On 9/28/21 11:44 AM, Dave Chinner wrote:
> On Mon, Sep 27, 2021 at 10:28:34AM +0800, JeffleXu wrote:
>> On 9/27/21 8:21 AM, Dave Chinner wrote:
>>> On Thu, Sep 23, 2021 at 09:02:26PM -0400, Vivek Goyal wrote:
>>>> On Fri, Sep 24, 2021 at 08:26:18AM +1000, Dave Chinner wrote:
>>>>> On Thu, Sep 23, 2021 at 03:02:41PM -0400, Vivek Goyal wrote:
>>> In the case that the user changes FS_XFLAG_DAX, the FUSE client
>>> needs to communicate that attribute change to the server, where the
>>> server then changes the persistent state of the on-disk inode so
>>> that the next time the client requests that inode, it gets the state
>>> it previously set. Unless, of course, there are server side policy
>>> overrides (never/always).
>>
>> One thing I'm concerned with is that, is the following behavior
>> consistent with the semantics of per-file DAX in ext4/xfs?
>>
>> Client changes FS_XFLAG_DAX, this change is communicated to server and
>> then server also returns **success**. Then client finds that this file
>> is not DAX enabled, since server doesn't honor the previously set state.
> 
> FS_XFLAG_DAX is advisory in nature - it does not have to be honored
> at inode instantiation.

Fine.

> 
>> IOWs, shall server always honor the persistent per-inode attribute of
>> host file (if the change of FS_XFLAG_DAX inside guest is stored as
>> persistent per-inode attribute on host file)?
> 
> If the user set the flag, then queries it, the server should be
> returning the state that the user set, regardless of whether it is
> being honored at inode instantiation time.
> 
> Remember, FS_XFLAG_DAX does not imply S_DAX and vice versa
Got it.

> 
>>>> Not sure what do you mean by server turns of DAX flag based on client
>>>> turning off DAX. Server does not have to do anything.

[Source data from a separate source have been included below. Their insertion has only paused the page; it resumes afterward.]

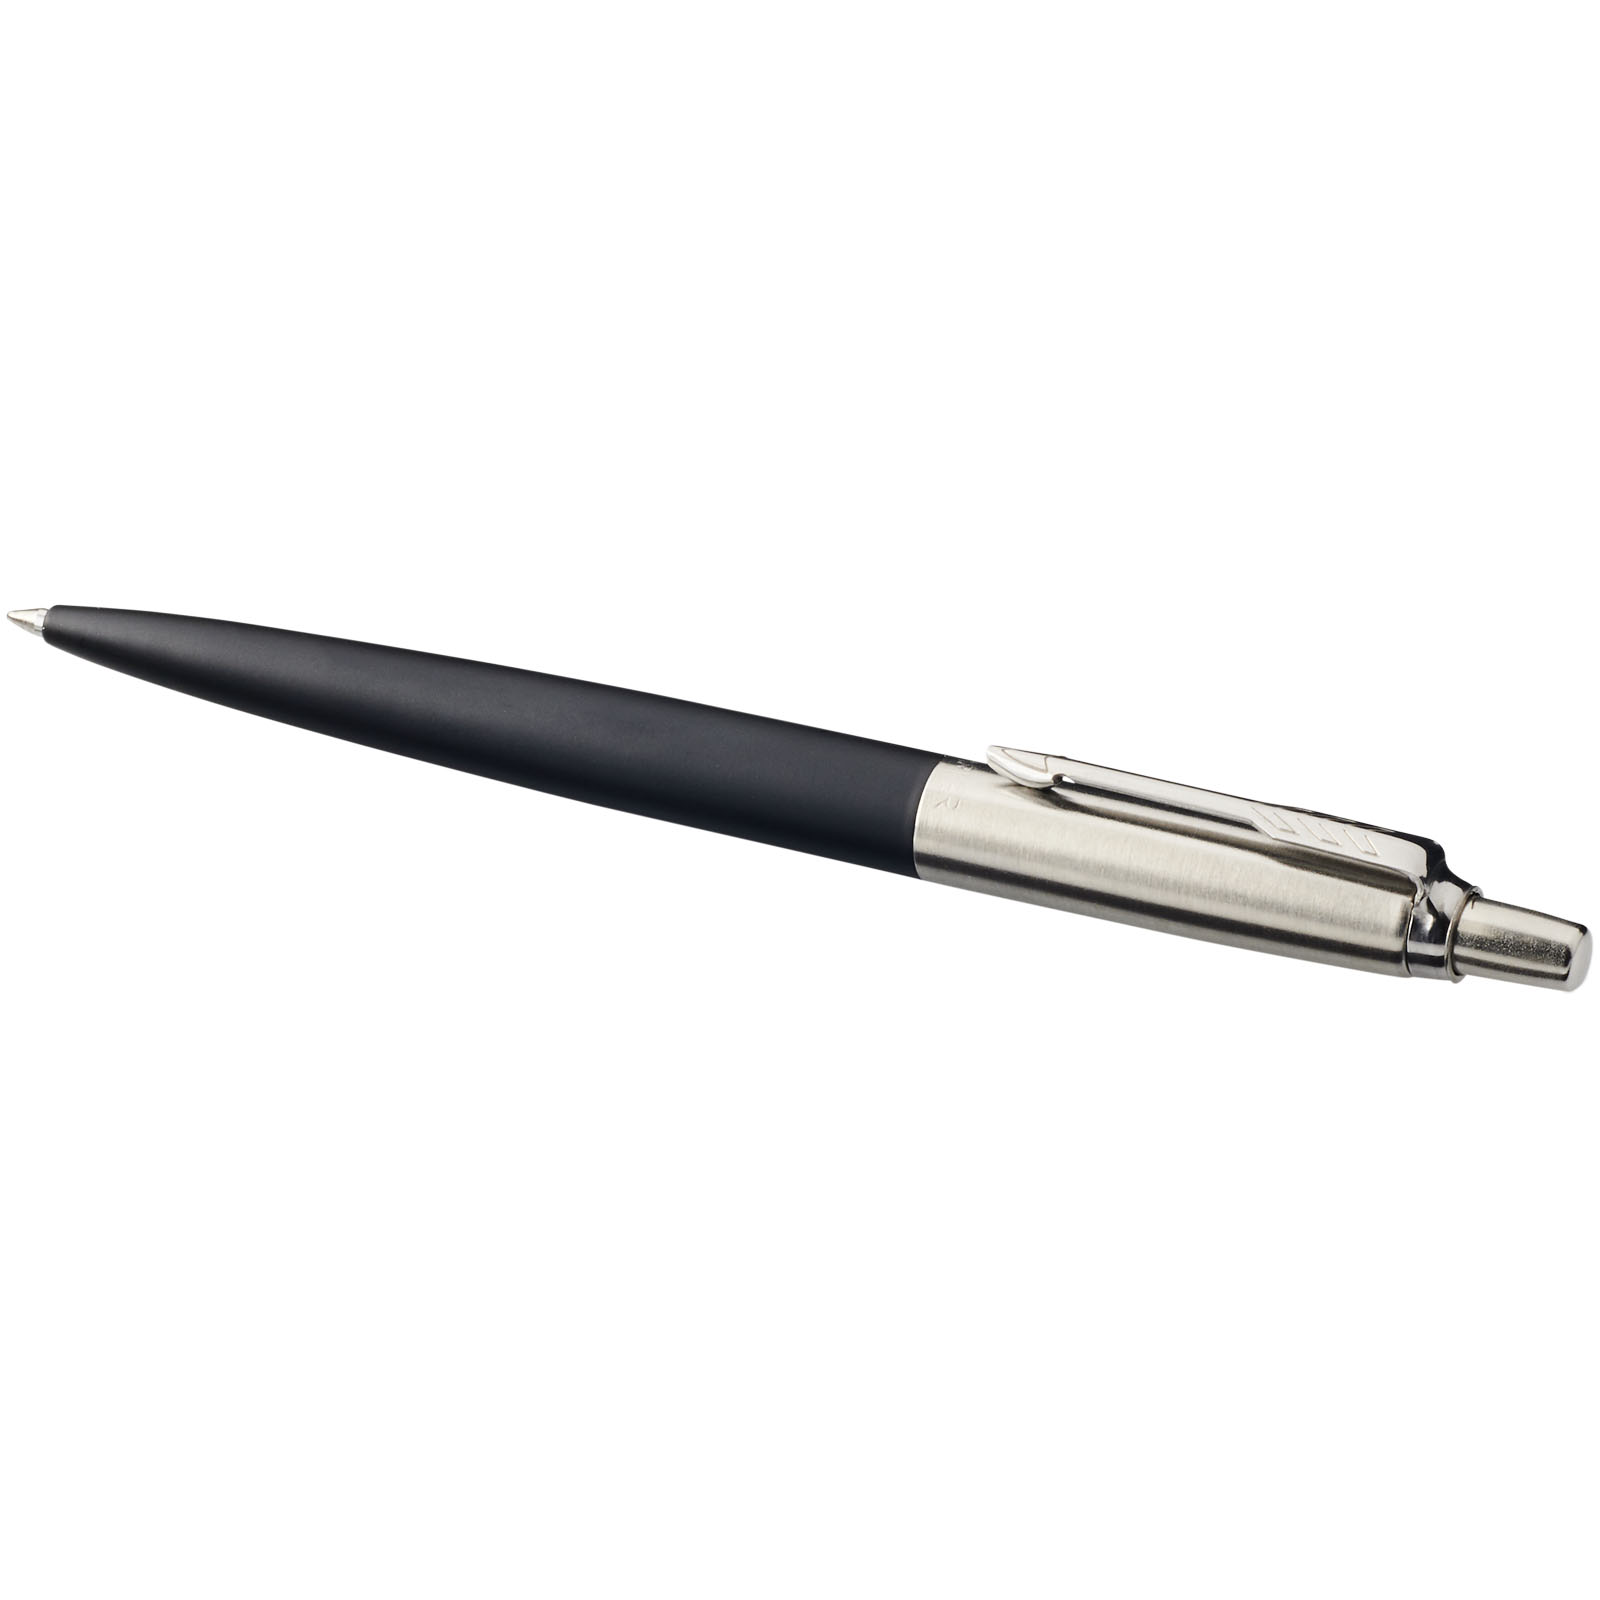 Advertising Ballpoint Pens - Parker Jotter Bond Street ballpoint pen - 4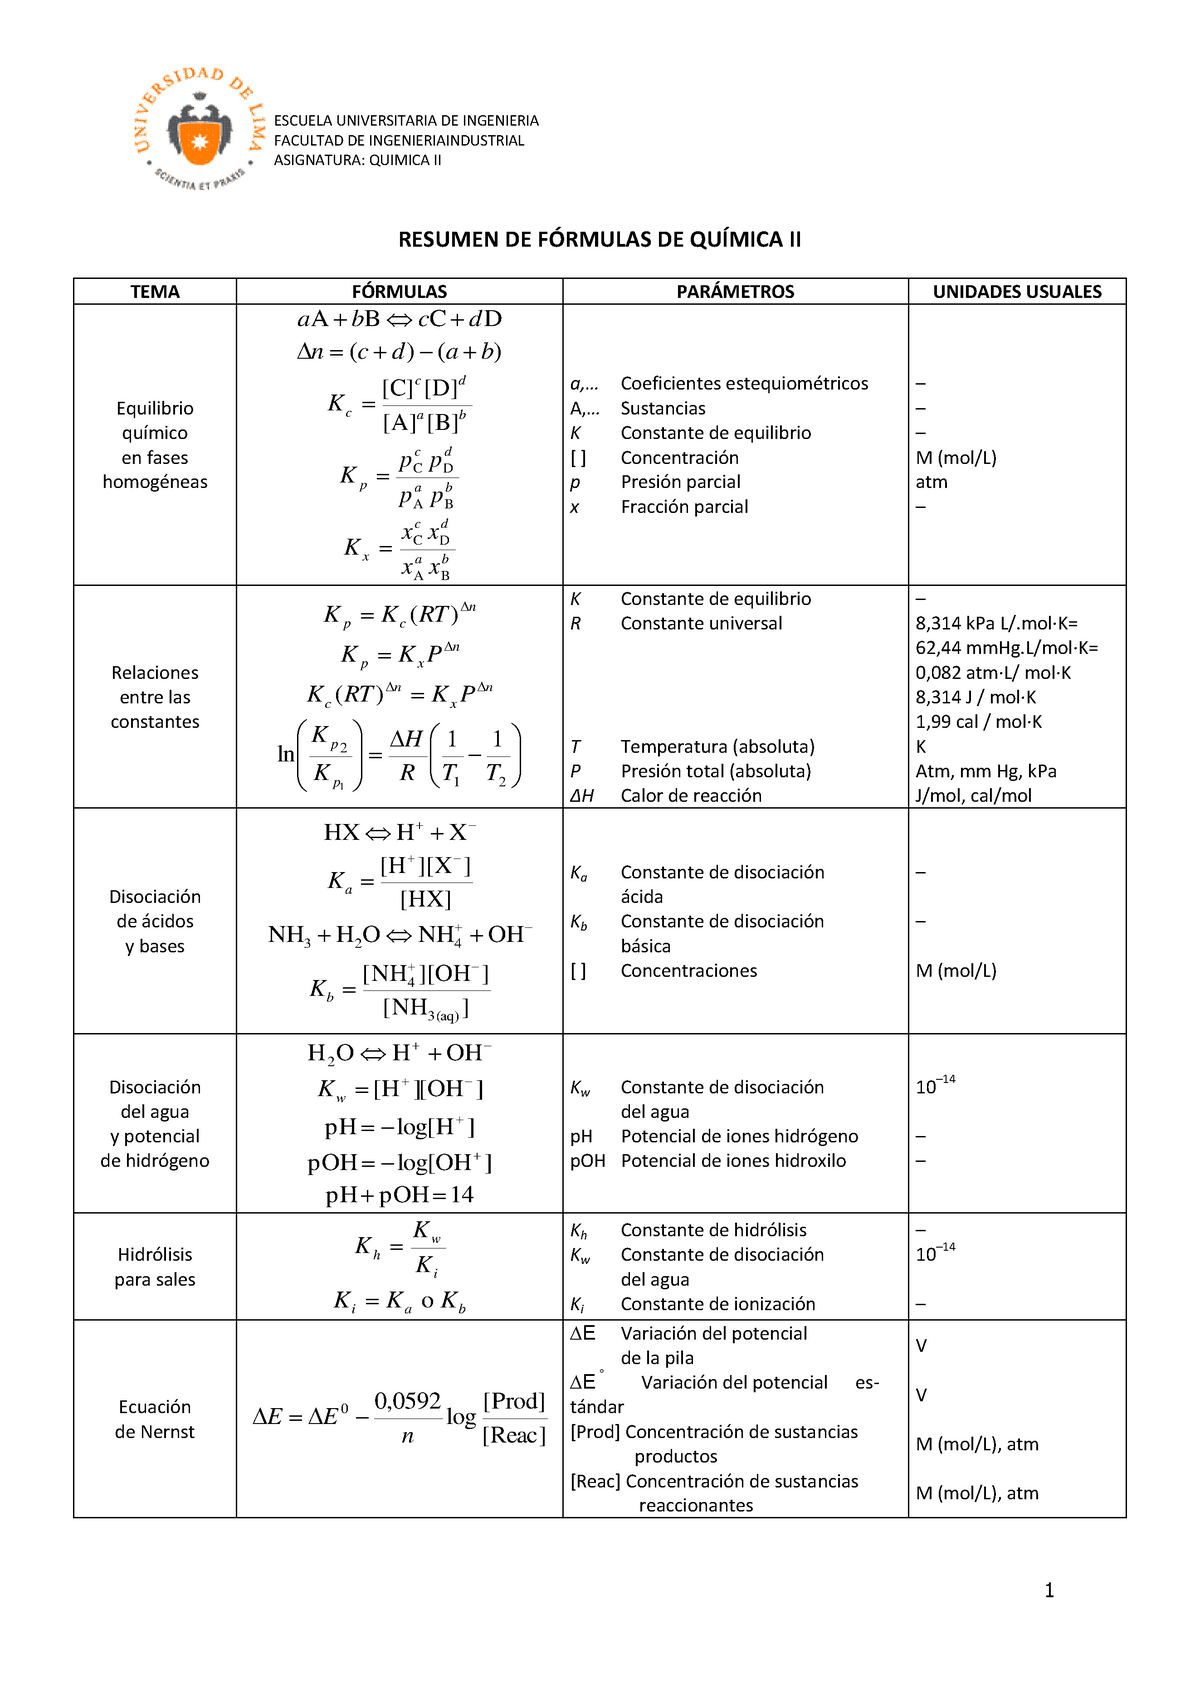 Resumen De Fórmulas Formulario De Química Ii Ingeniería Industrial Escuela Universitaria De 6550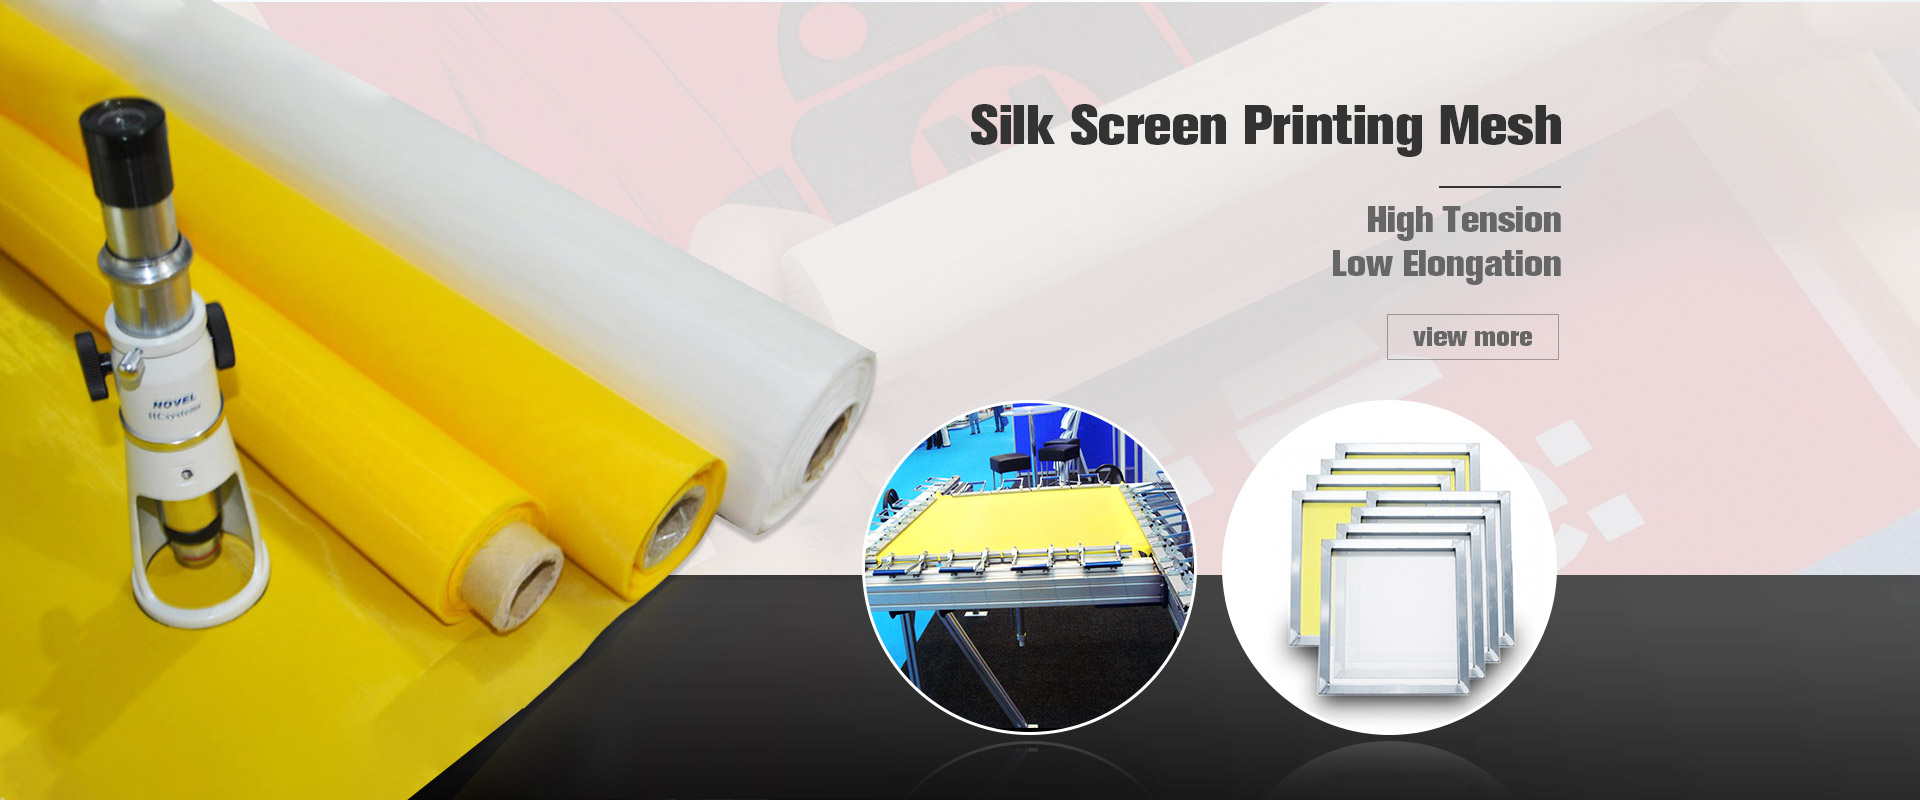 Silk Screen Printing Mesh

If client decides
>>>> to not use DAX (in guest), it will not send FUSE_SETUPMAPPING requests
>>>> to server and that's it.
>>>
>>> Where does the client get it's per-inode DAX policy from if
>>> dax=inode is, like other DAX filesystems, the default behaviour?
>>>
>>> Where is the persistent storage of that per-inode attribute kept?
>>
>> In the latest patch set, it is not supported yet to change FS_XFLAG_DAX
>> (and thus setting/clearing persistent per-inode attribute) inside guest,
>> since this scenario is not urgently needed as the real using case.
> 
> AFAICT the FS_IOC_FS{GS}ETXATTR ioctl is already supported by the
> fuse client and it sends the ioctl to the server. Hence the client
> should already support persistent FS_XFLAG_DAX manipulations
> regardless of where/how the attribute is stored by the server. Did
> you actually add code to the client in this patchset to stop
> FS_XFLAG_DAX from being propagated to the server?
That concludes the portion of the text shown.